**Data below**
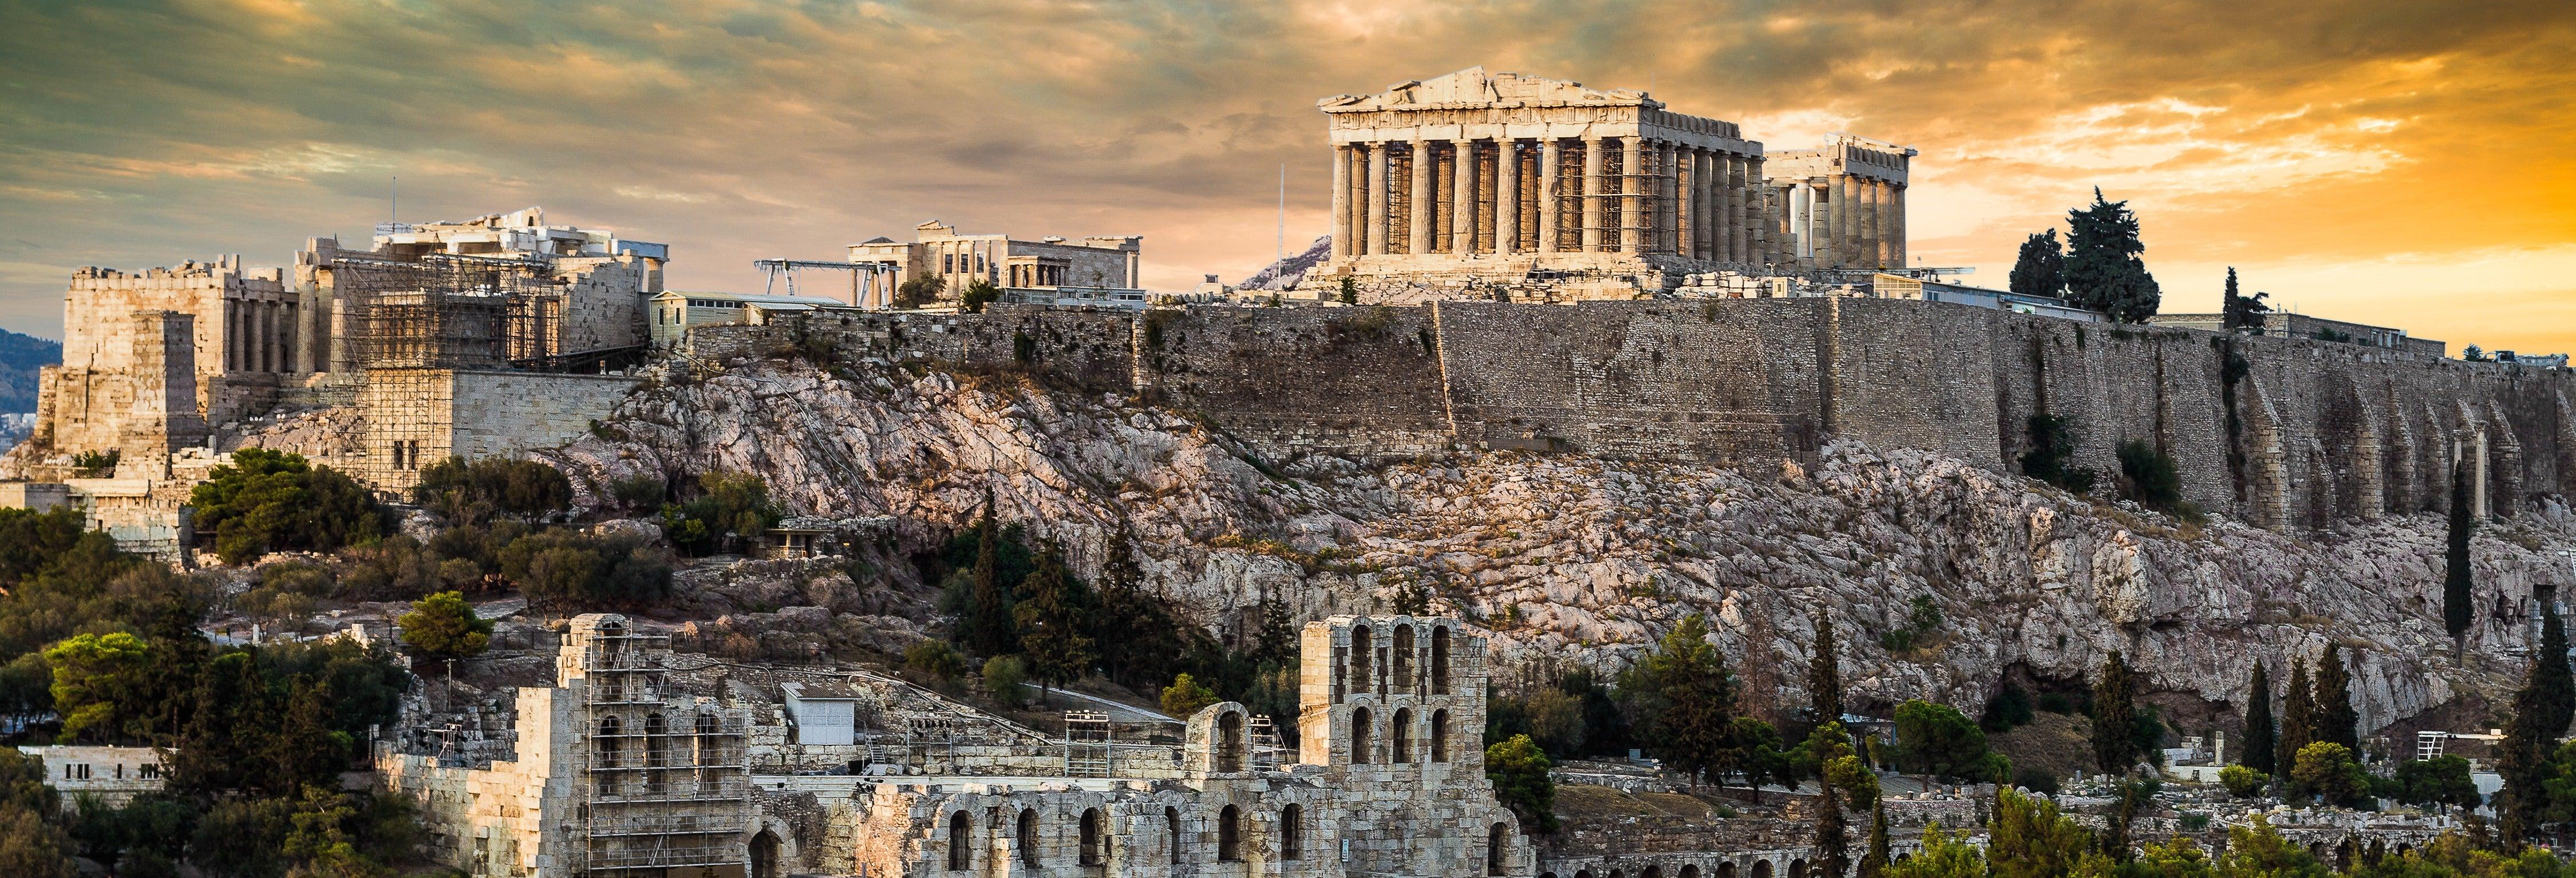 Tour privado por Atenas con guía en español
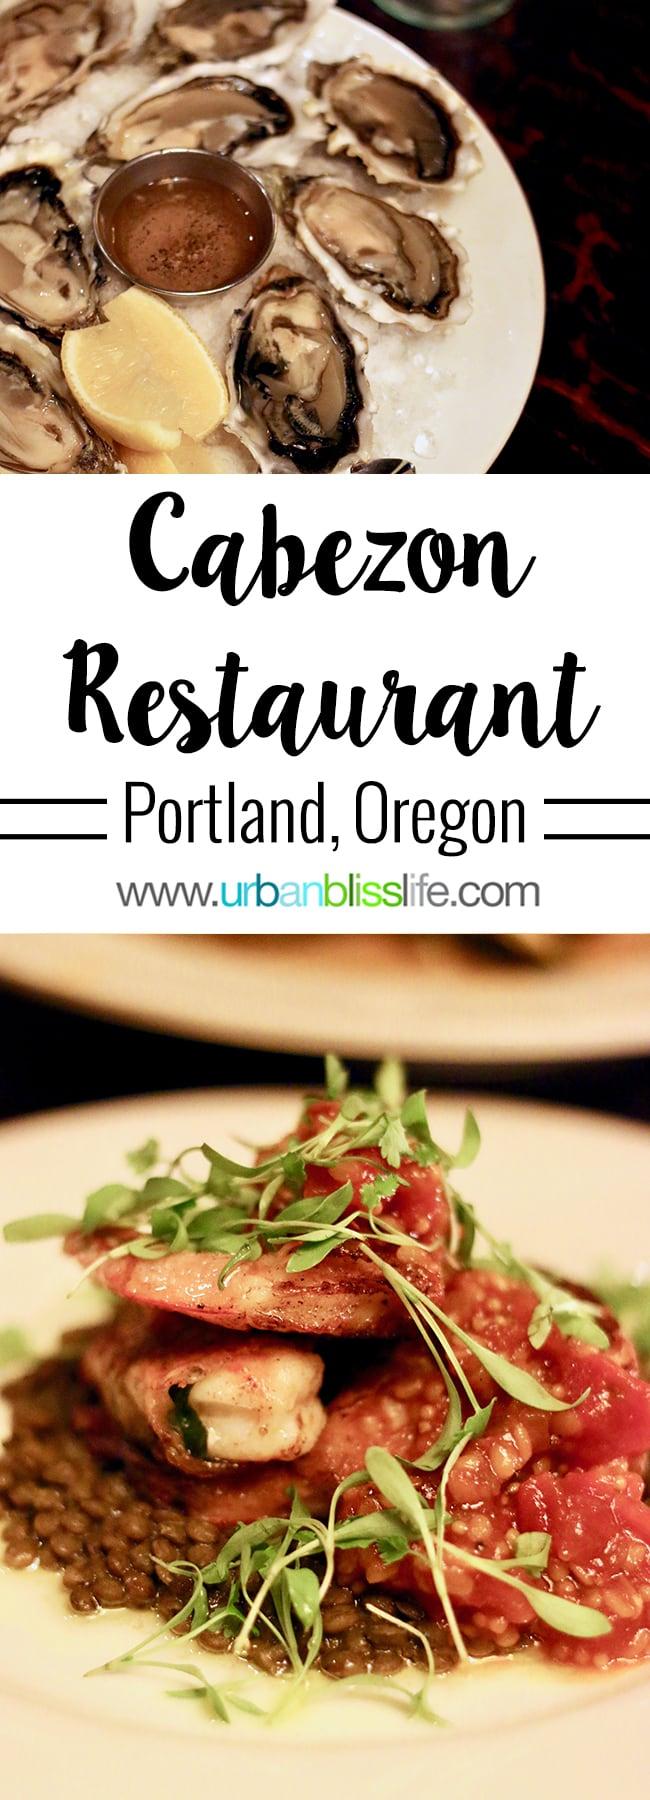 Cabezon restaurant in Portland, Oregon. Full restaurant details on UrbanBlissLife.com
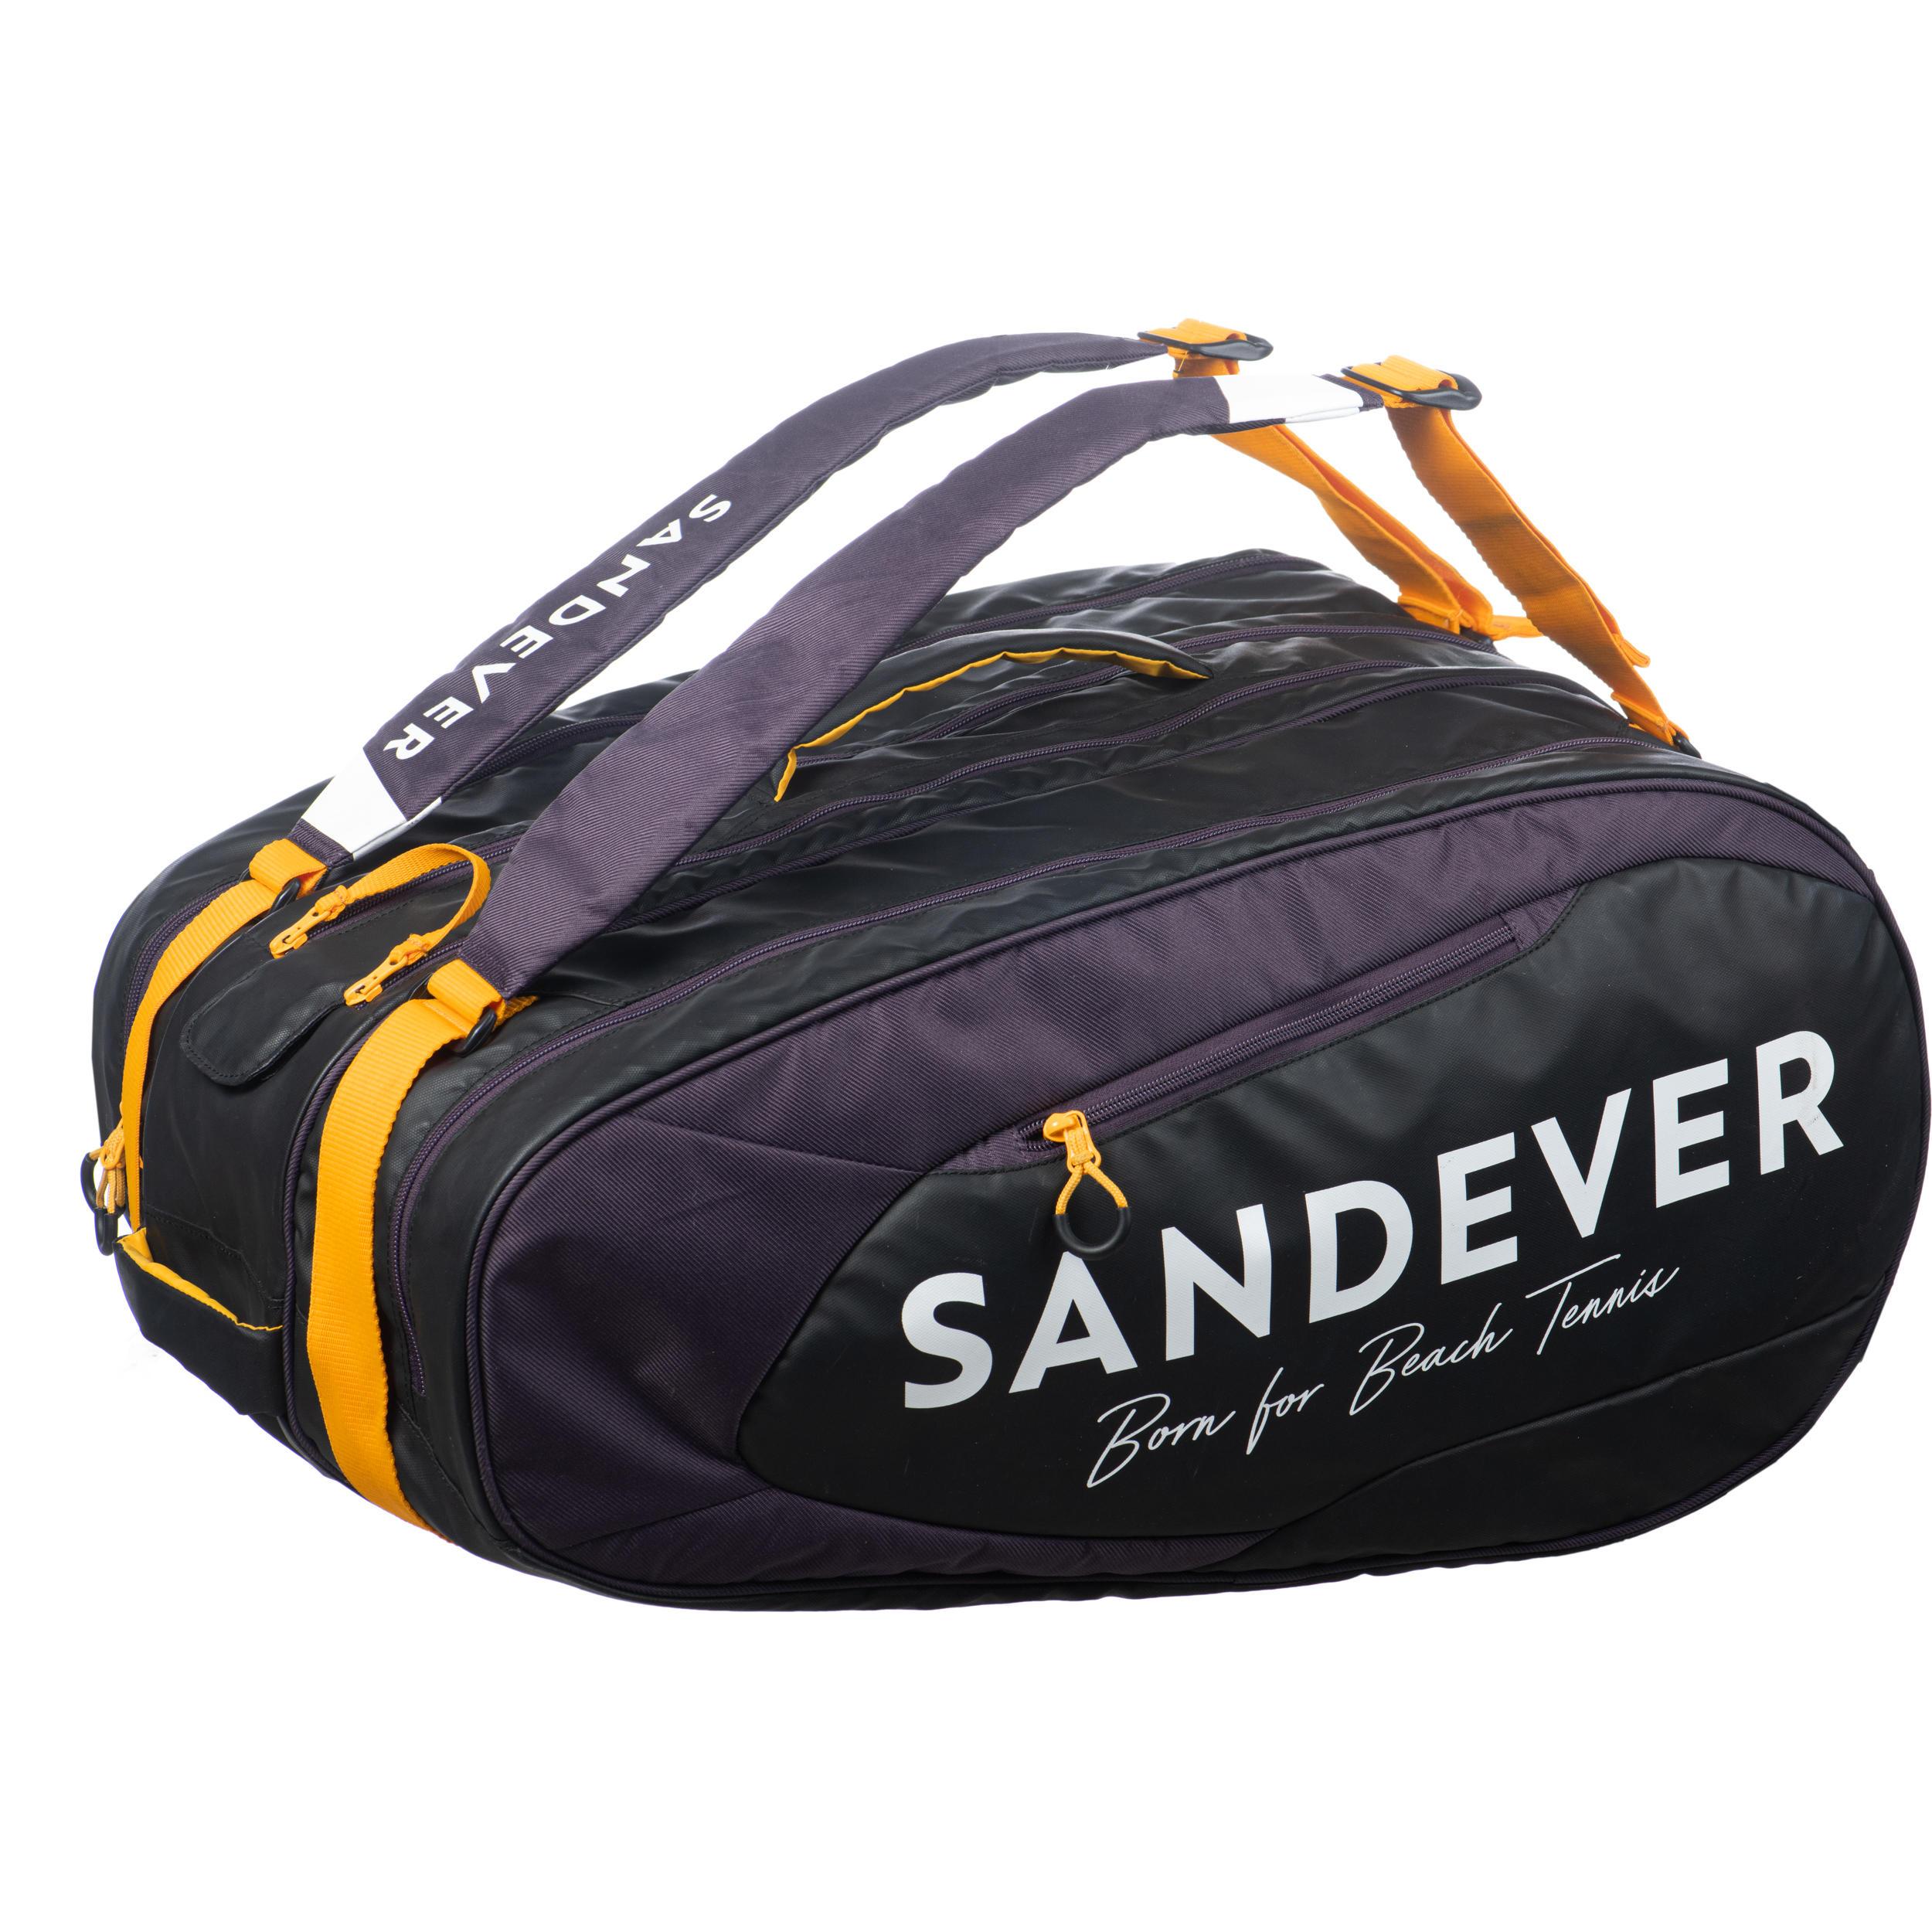 SANDEVER SAC DE BEACH TENNIS BTL 590 O - SANDEVER - Taille unique

**Exercise objective**
Leaving out all pictures, transcribe the listing exactly.

**Response box**
 Tour privado por Atenas con guía en español
 Cabezon restaurant in Portland, Oregon. Full restaurant details on UrbanBlissLife.com
 SANDEVER SAC DE BEACH TENNIS BTL 590 O - SANDEVER - Taille unique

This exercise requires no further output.